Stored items

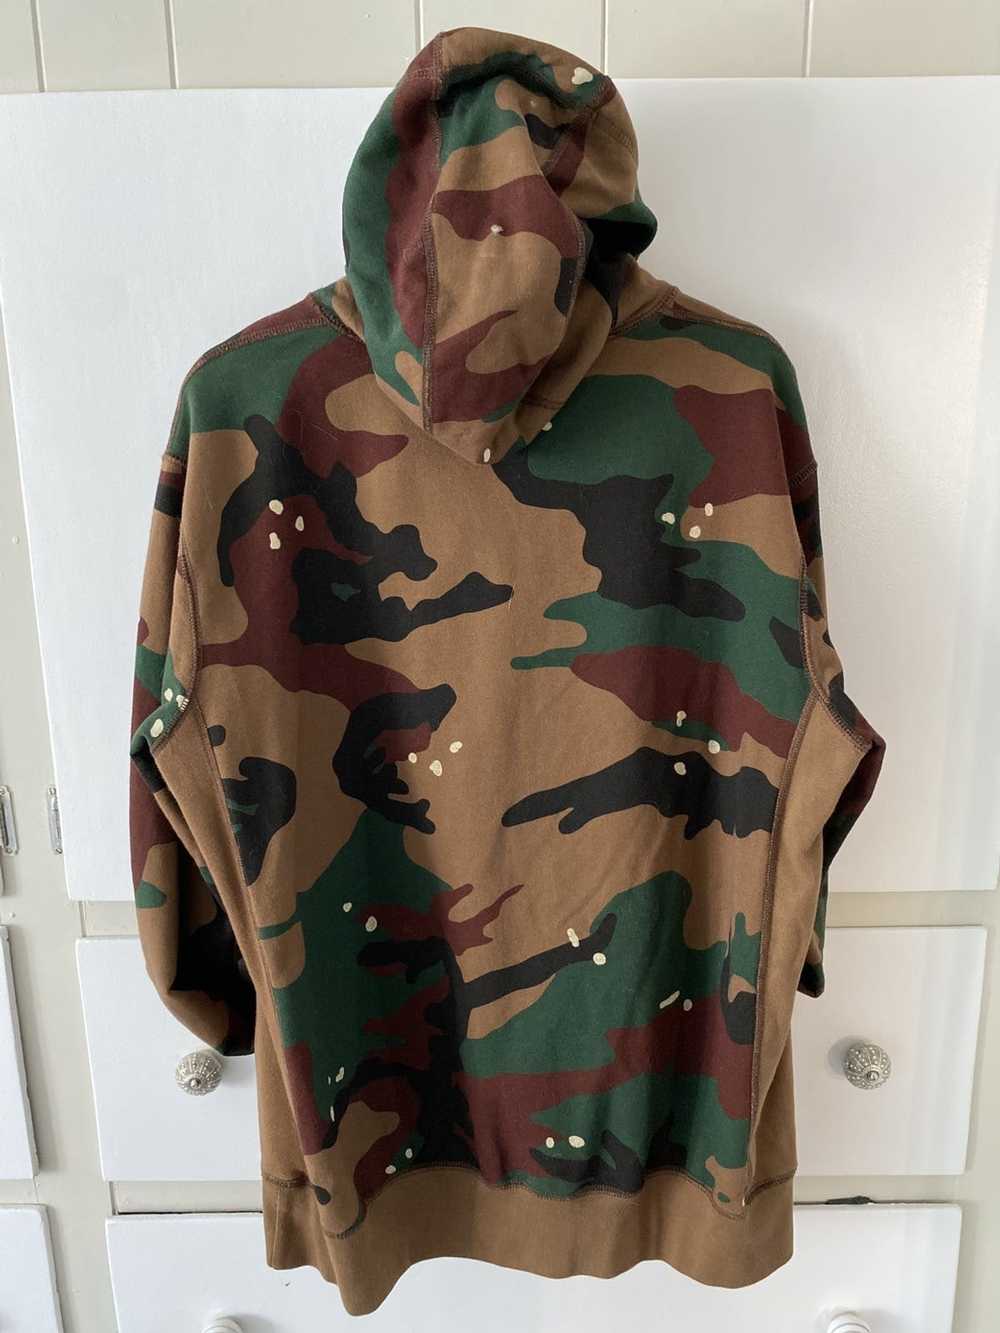 Raised By Wolves RBW Camo Hoodie - image 2
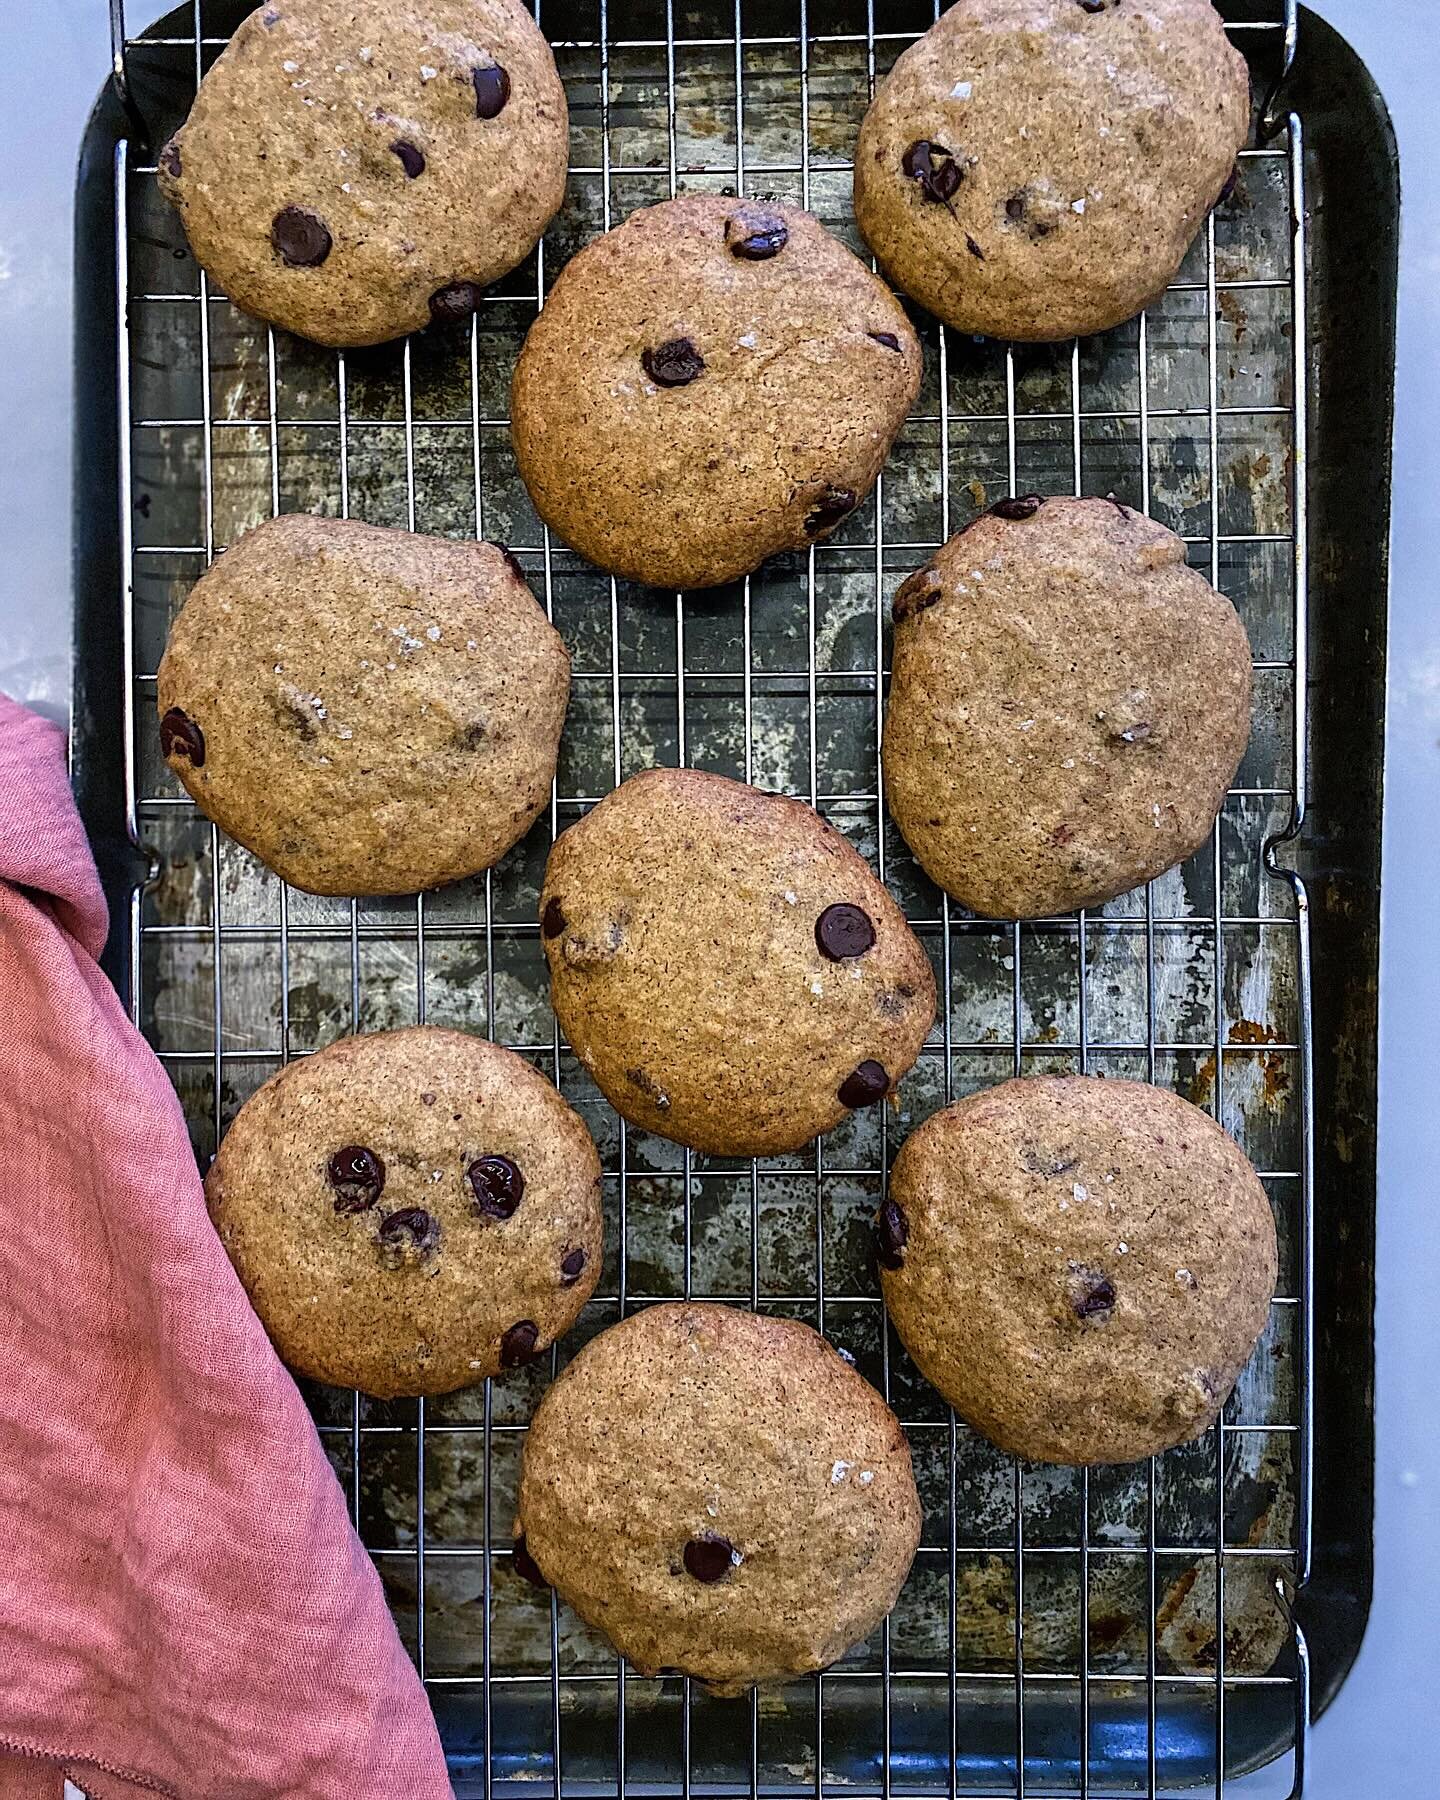 🍌🍫🍪Got some brown bananas lying around? 

Don&rsquo;t throw them out just yet! Try this mouthwatering Banana, olive oil, and chocolate chip cookie recipe that&rsquo;s vegan, gluten-free, and oh-so-chewy! 

Perfect for satisfying your sweet craving
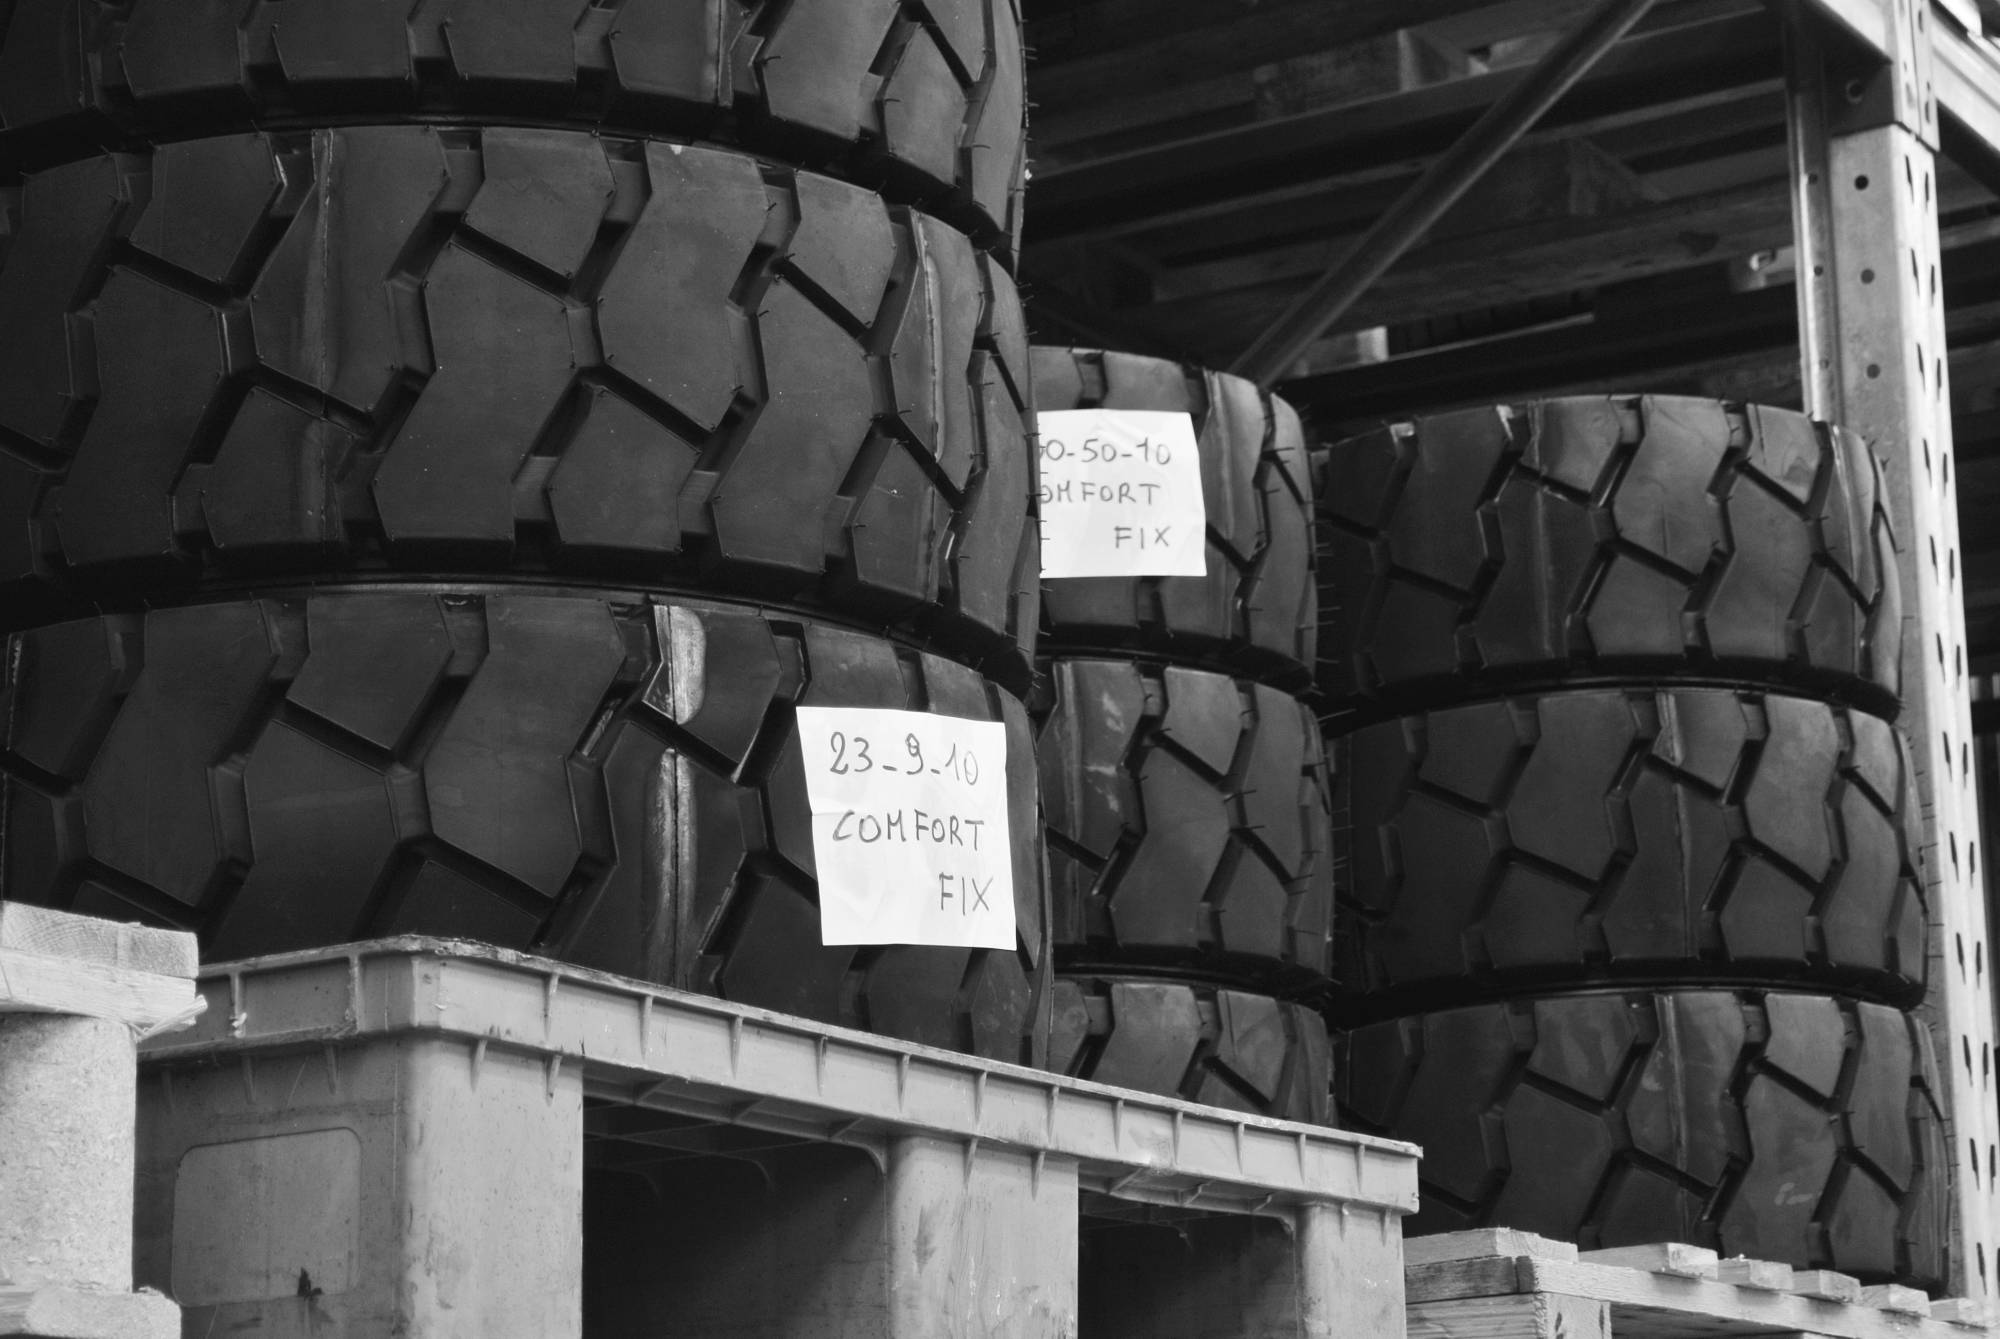  Trelleborg Superelastic tyres are designed for material handling environments.

### What you should do
Give every entry again as it is, dropping its pictures.

### Answer to the exercise
 Raised By Wolves RBW Camo Hoodie - image 2
 🍌🍫🍪Got some brown bananas lying around? 

Don&rsquo;t throw them out just yet! Try this mouthwatering Banana, olive oil, and chocolate chip cookie recipe that&rsquo;s vegan, gluten-free, and oh-so-chewy! 

Perfect for satisfying your sweet craving
  Trelleborg Superelastic tyres are designed for material handling environments.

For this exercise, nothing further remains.